IFRS: Underwriters battle to produce compliant accounts


 .three firms sent drafts to NAICOM

Chuks Udo Okonta

Barely three months to the deadline for submission of last years' financial reports, only three out of the 60 insurance and re-insurance firms have so far sent their draft copies of
International Financial Reporting Standard (IFRS) compliant accounts to the National Insurance Commission (NAICOM), Inspen has learnt.

The Director Supervision NAICOM, Nicholas Opara, who disclosed this at the workshop in Lagos, said the drafts were returned to the companies as there are still areas to be worked on.

He said last year's financial reports of operators are so special to the industry, as the reports herald the migration to the new financial reporting regime.

He said: "At the moment, no company has submitted full IFRS
compliant account. Is was only three companies that have sent in their drafts, which we have returned to them as there are still many things they are yet to get right.

"The 2012 reports are special because it is different from what we have been doing in the past."

According to a roadmap to guide companies’ on transition to IFRS, insurance and reinsurance companies classified under public interest entities are expected to start their transition from January 01, 2011, while the insurance brokers classified under other public interest entities will take their turn in 2012.

The transition from the National Standard to IFRS was endorsed by the Federal Government on July 28, 2010, to take effect January 1, 2012.

Commissioner for Insurance Fola Daniel, on efforts by NAICOM to ensure the actualisation of the IFRS initiative said the commission has been engaging operators, auditors, directors and management of companies on how to seamlessly migrate to the initiative.

He said two main outcomes have been reached by NAICOM and stakeholders on the initiative, adding that first, it was agreed that the market should adopt common approach to IFRS provided that such option will not place any individual company or the market at a competitive disadvantage domestically and internationally.
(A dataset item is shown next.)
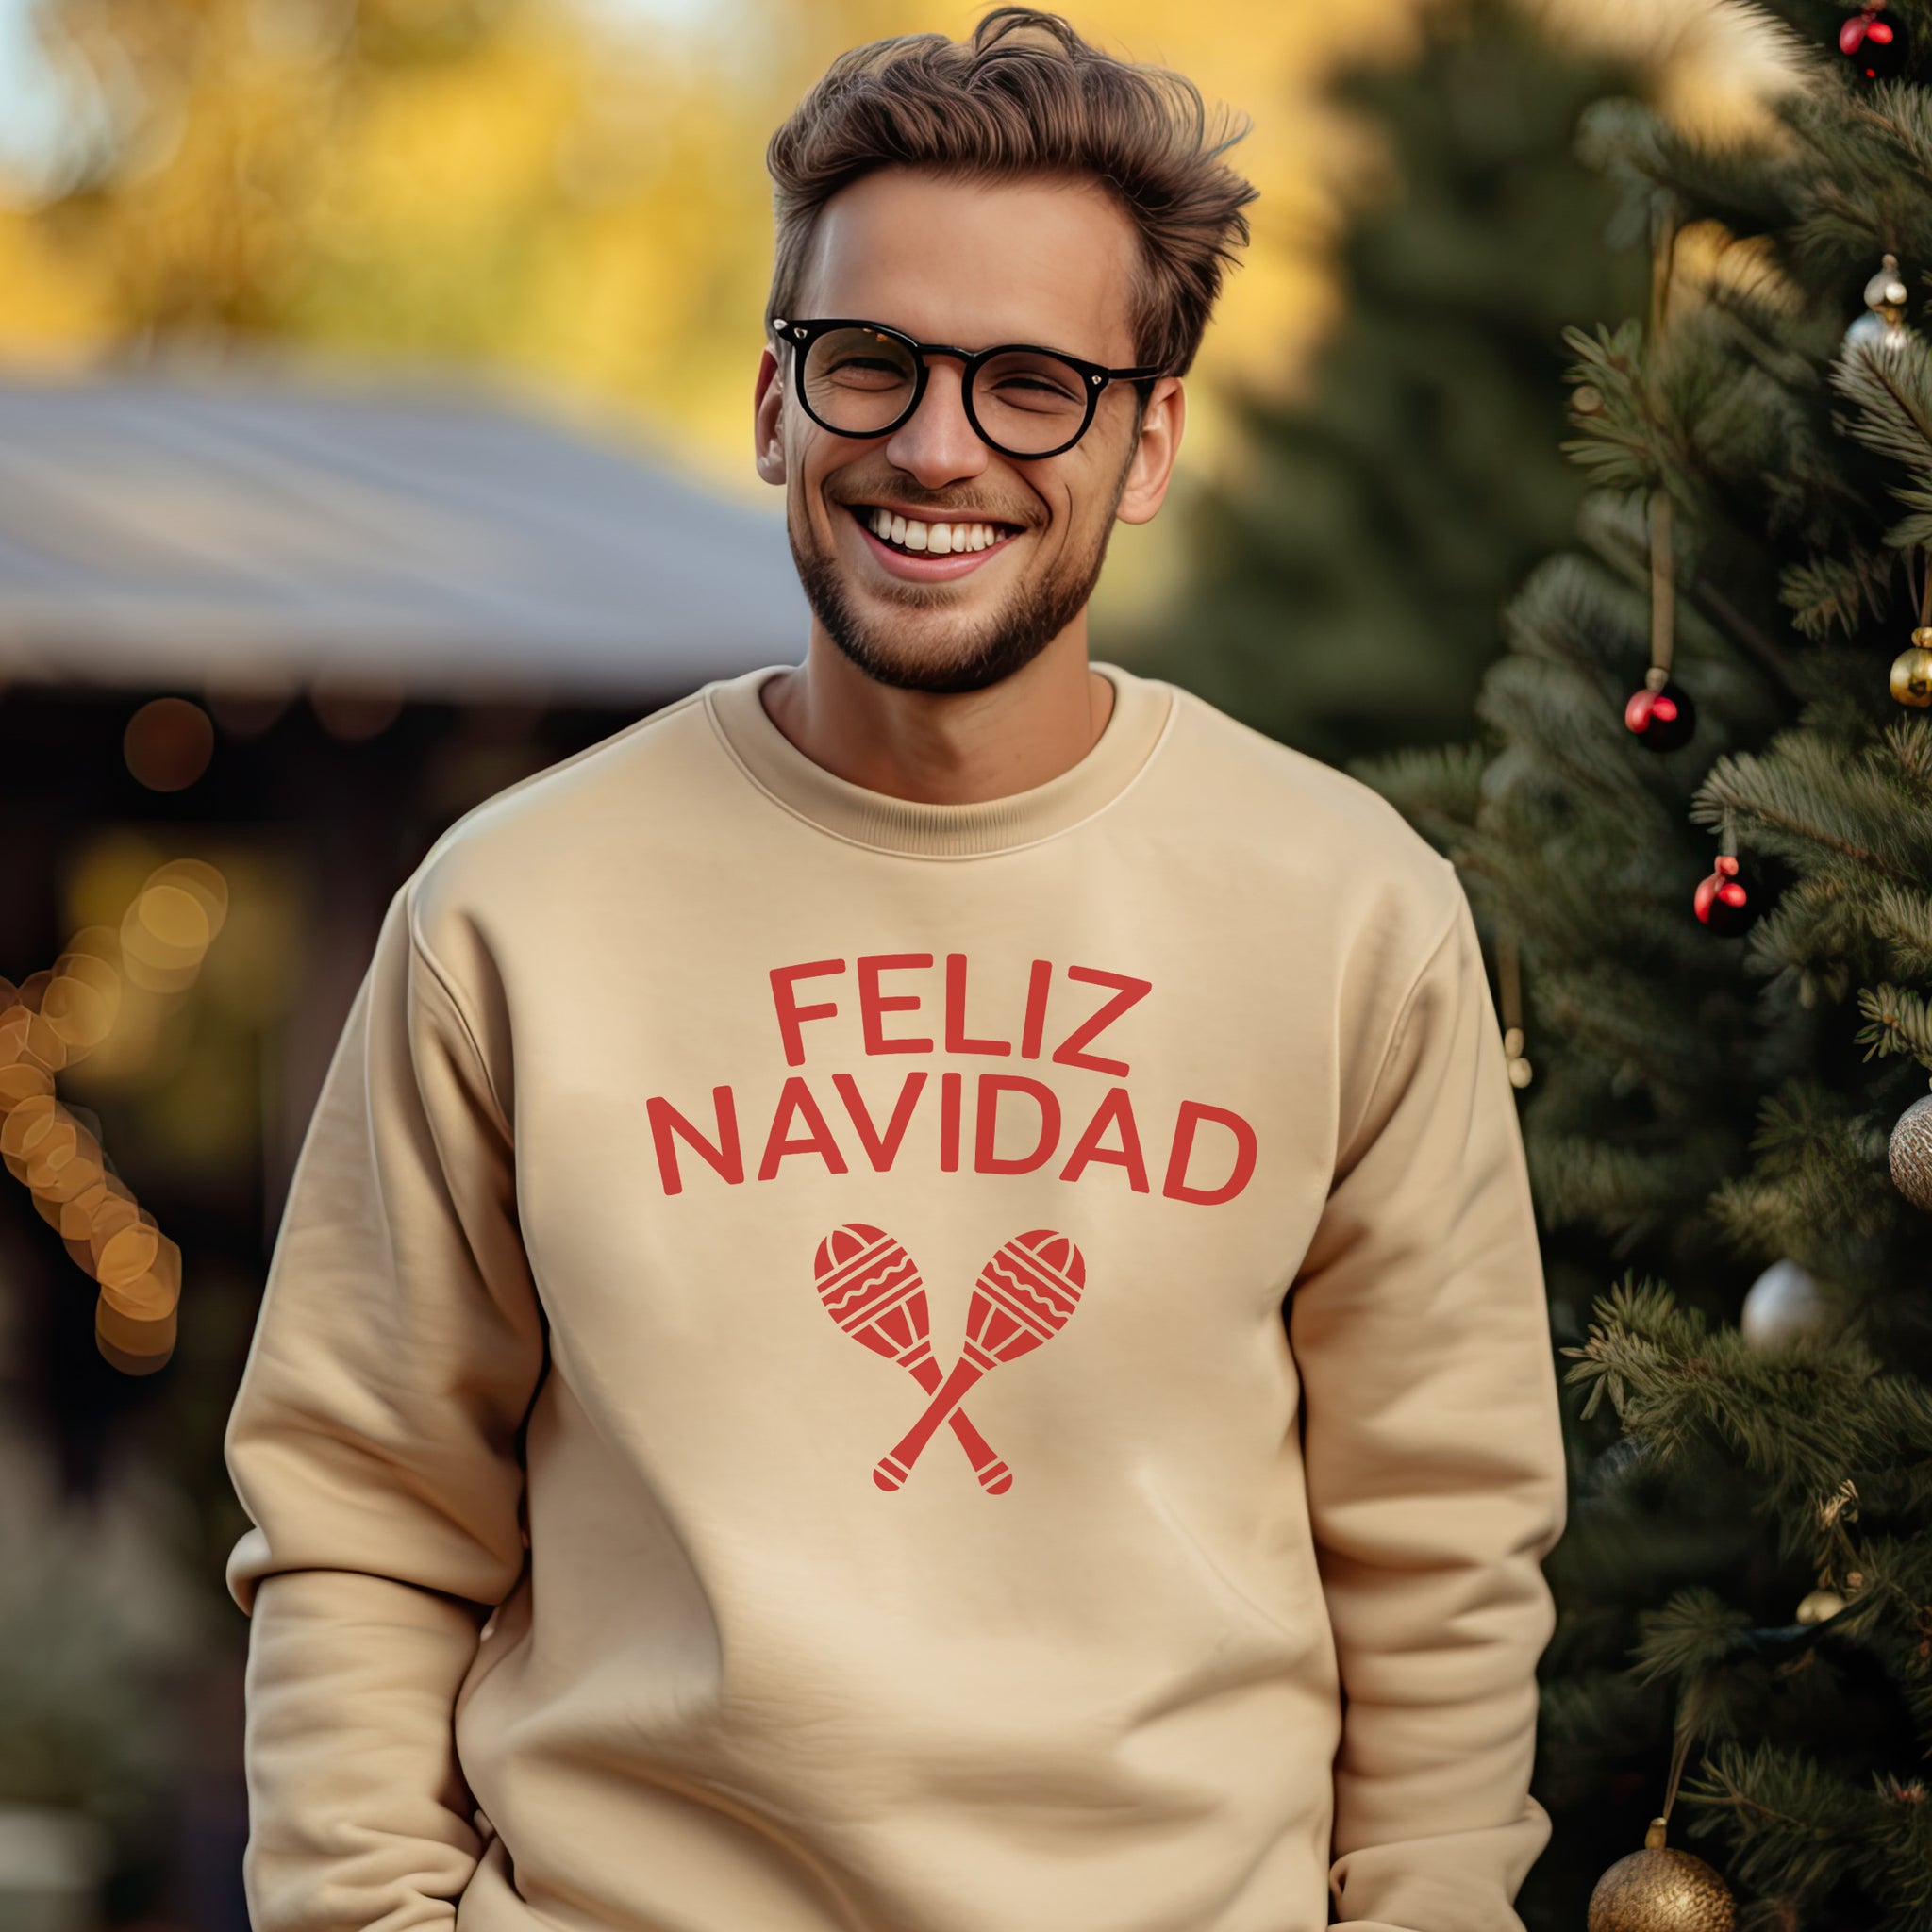 Feliz Navidad Christmas Sweater - Christmas Jumper Sweatshirt - All Sizes

Secondly, it was agreed that an accounting practices committee made up of the representative of NAICOM, insurers/reinsurers and external auditors should be set up. The function of the committee is to address all accounting issues of concern to the industry including those emerging from IFRS standard setting process.
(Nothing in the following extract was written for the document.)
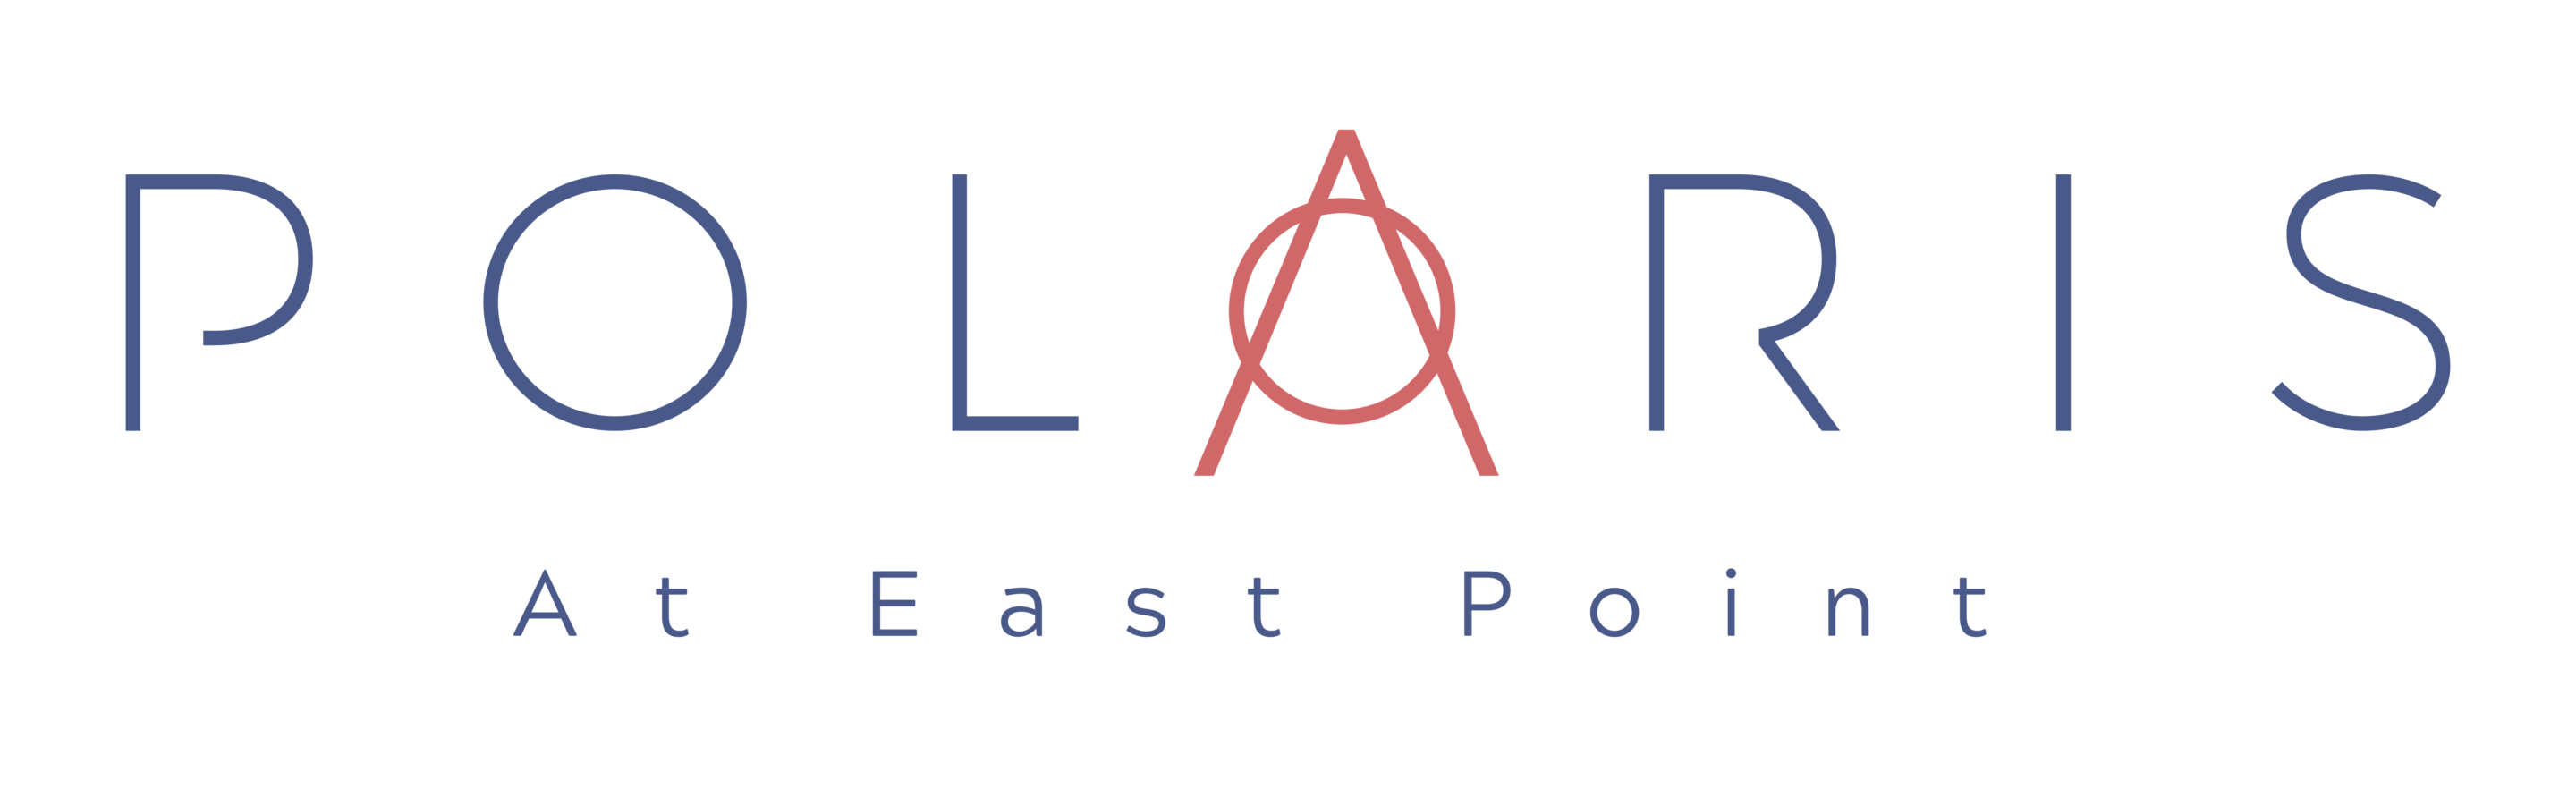 Logo Polaris At East Point

He said board of directors of each company are responsible for the issuance of financial statements, and that consequently, both transition and sustenance of IFRS in accounting practices, should be a major item on directors’ agenda at this time.

Daniel noted that NAICOM’s decision to engage stakeholders was informed by the need not only to create awareness of the implication of IFRS for financial reporting responsibilities but also to acquaint them with the scale of change and the sense of urgency in the attention it deserves.
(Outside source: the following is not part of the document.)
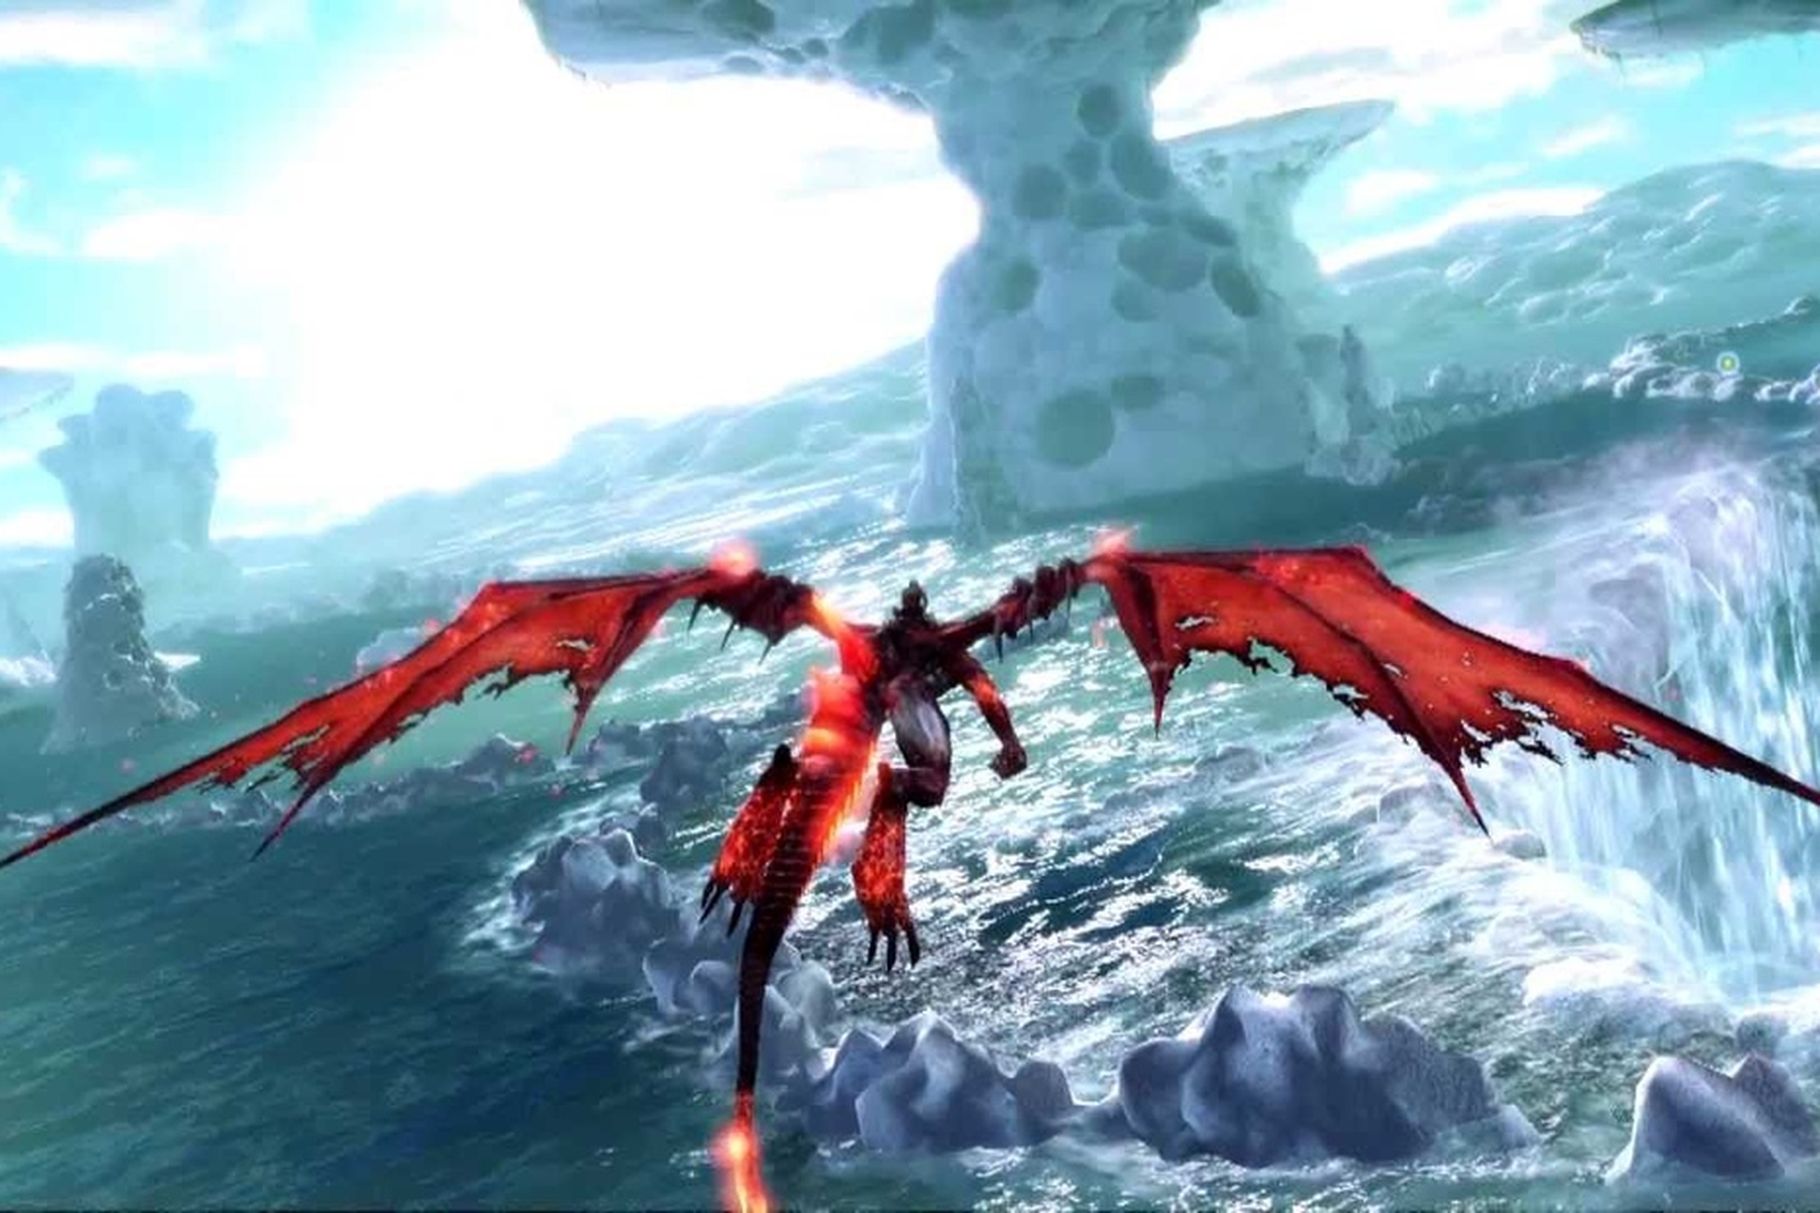 Crimson Dragon Will Feature "Free Flight" Mode

"Our expectation is that at the end of our engagements, the stakeholders will have sufficient level of understanding as to know what critical questions to ask and what steps to take in the bid to ensure that their companies successfully transit to and embed IFRS in their accounting practices within the timelines specified in the Nigerian Roadmap. While saying this, it is important to note that we are committed to supporting the stakeholders in the process. For this purpose, we have set up an IFRS help desk in the commission to address issues that companies may have in the process of transiting to IFRS.

"We have succeeded in significantly improving the level of compliance with the Nigerian GAAP by getting some companies to amend their financial statements to reflect a standard we believe all operators should comply with, if their financials will be relevant and useful to both domestic and international users. The feedback we received from many informed users was encouraging. The price for this change for some companies was significant, as not only did they have to make major provisions that significantly impacted their shareholders fund, it took them quite some time to deal with our queries resulting in delays in the submission of the financials to the Nigerian Stock Exchange.

"In a bid to further improve on the quality of the financials of insurance and reinsurance companies, we released a proforma complete financial statement for comments by stakeholders. The key change that the document seeks to introduce is improved financial reporting from a disclosure perspective. We want to encourage companies to take advantage of the information in this document to improve both the presentation and disclosure of their audited financial statements. Perhaps it is important to say that companies that do not significantly improve their reporting along the lines prescribed stand the risk of being disadvantaged when their financial are compared with their competitors," he said.